FIG. 1 is a configuration diagram showing one embodiment of the present invention.

FIG. 2 is a diagram showing a model configuration during simulation according to an embodiment of the present invention.

FIG. 3 is a diagram showing a specific example of a model configuration during simulation according to an embodiment of the present invention.

4 is a diagram showing an example of an observed waveform of an output signal in the model configuration of FIG.

FIG. 5 is a configuration diagram showing a conventional example.
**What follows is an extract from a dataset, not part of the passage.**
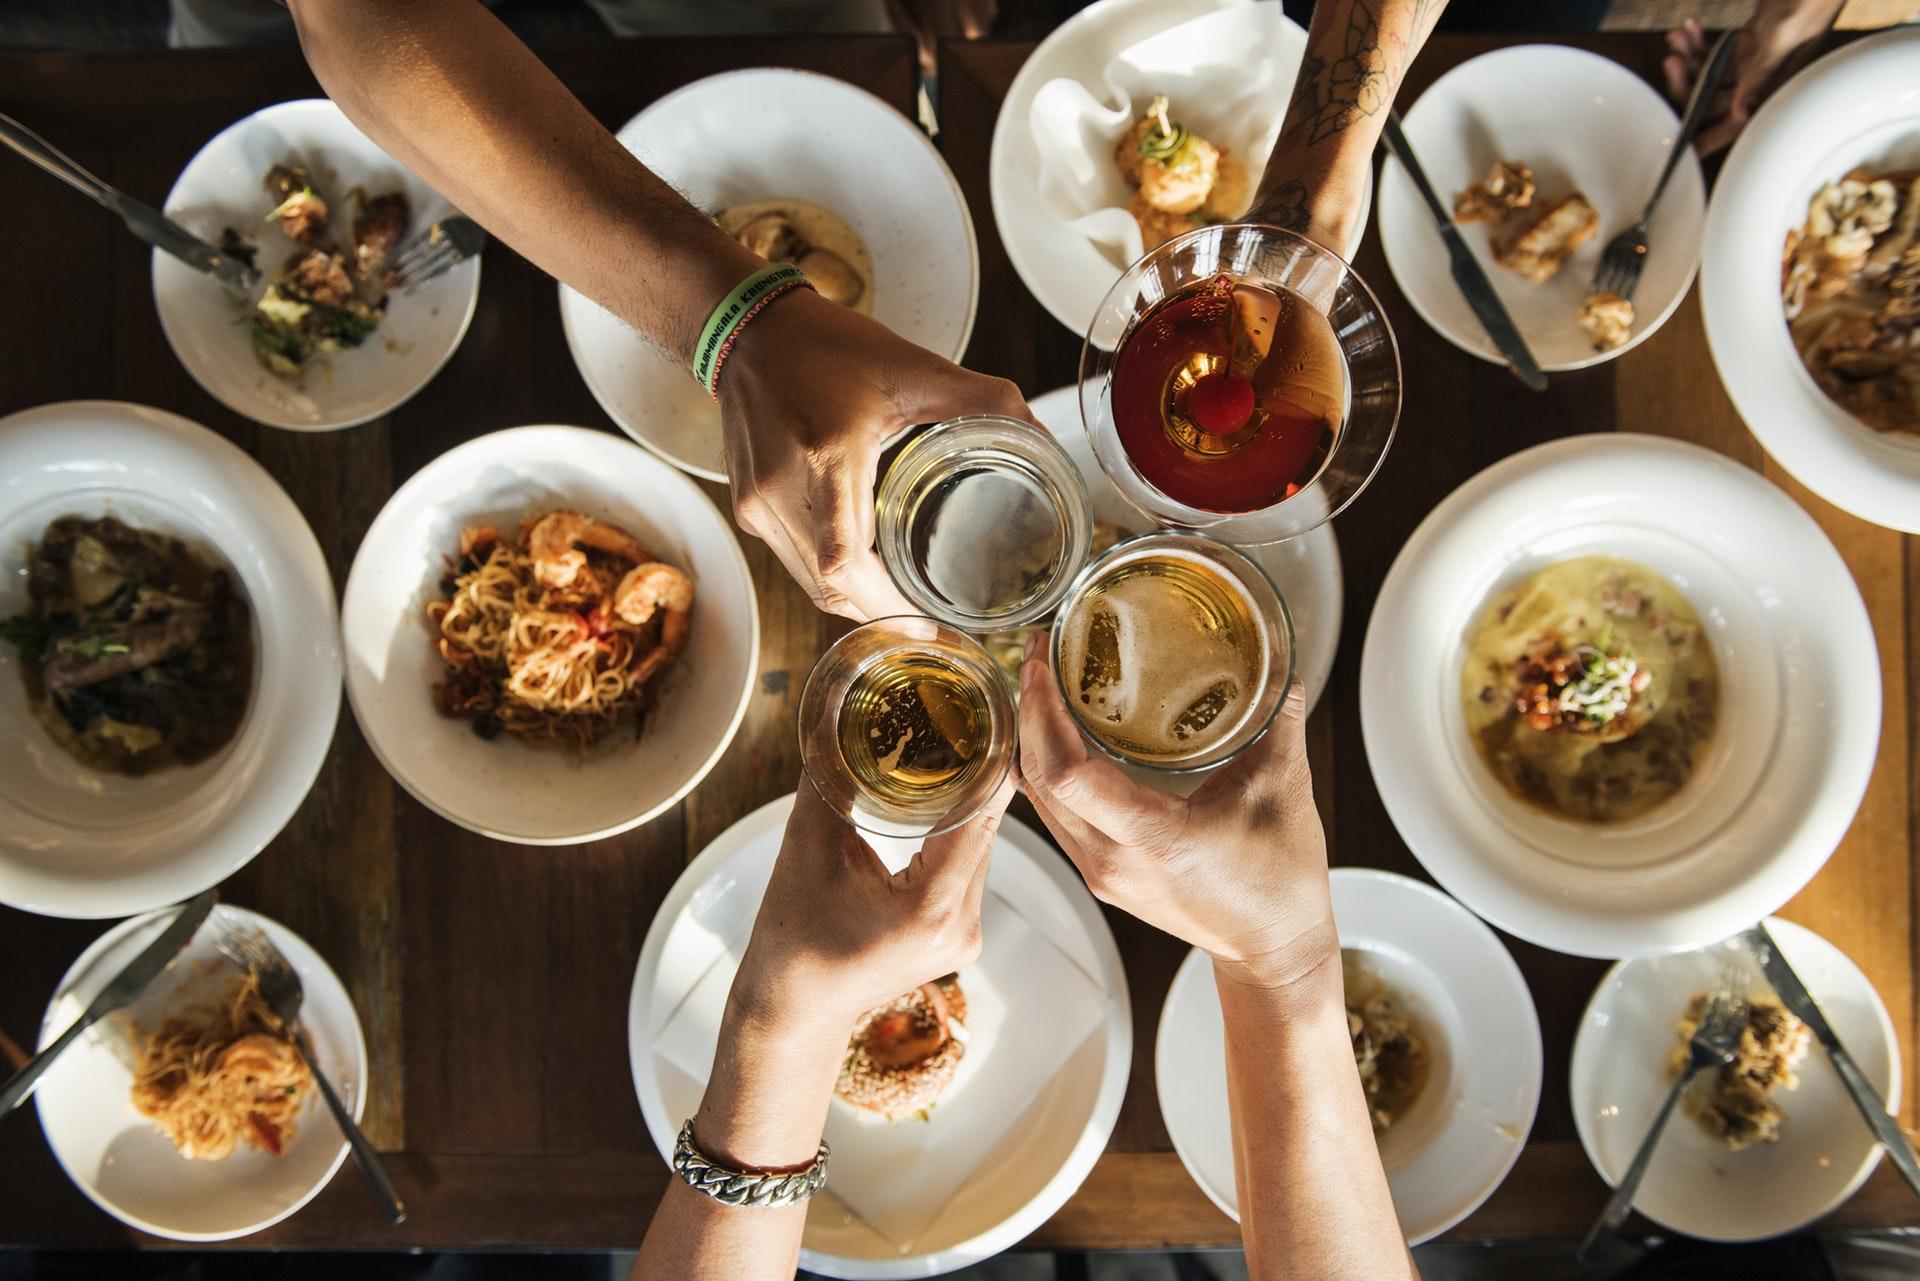 Як на свята є все, що хочеться: поради дієтолога

FIG. 6 is a diagram showing a model configuration during simulation according to a conventional example.

[Explanation of symbols]

 1 Logic Circuit Model 2 Compile Means 3 Simulation Model 4 Dividing Means 5, 6 Modules 7 Simulation Means 8 Test Patterns 9 Analyzing Means 11 Simulators 12, 13 Simulation Engines 14 Signal Controllers 15, 16 Simulation Models

Claims (3)

[Claims] 1. A multi-phase clock input logic circuit verification simulator for performing logic verification of a logic circuit having a multi-phase clock as an input, wherein the logic circuit is divided into a plurality of modules corresponding to each of the multi-phase clocks. A simulator for verifying a multi-phase clock input logic circuit, comprising: dividing means and means for performing simulation in parallel with each other using clocks corresponding to each of the plurality of modules. 2. The device according to claim 1, further comprising means for adjusting and controlling the timing of the signal from the output source module at the time of inputting / outputting the signal between the plurality of modules with a clock corresponding to the output destination module. Simulator for multi-phase clock input logic circuit verification. 3. The dividing means is configured to divide the logic circuit into a partial logic circuit including a flip-flop for inputting each of the multiphase clocks into individual modules for each same clock. The simulator for verifying a multi-phase clock input logic circuit according to claim 1 or 2.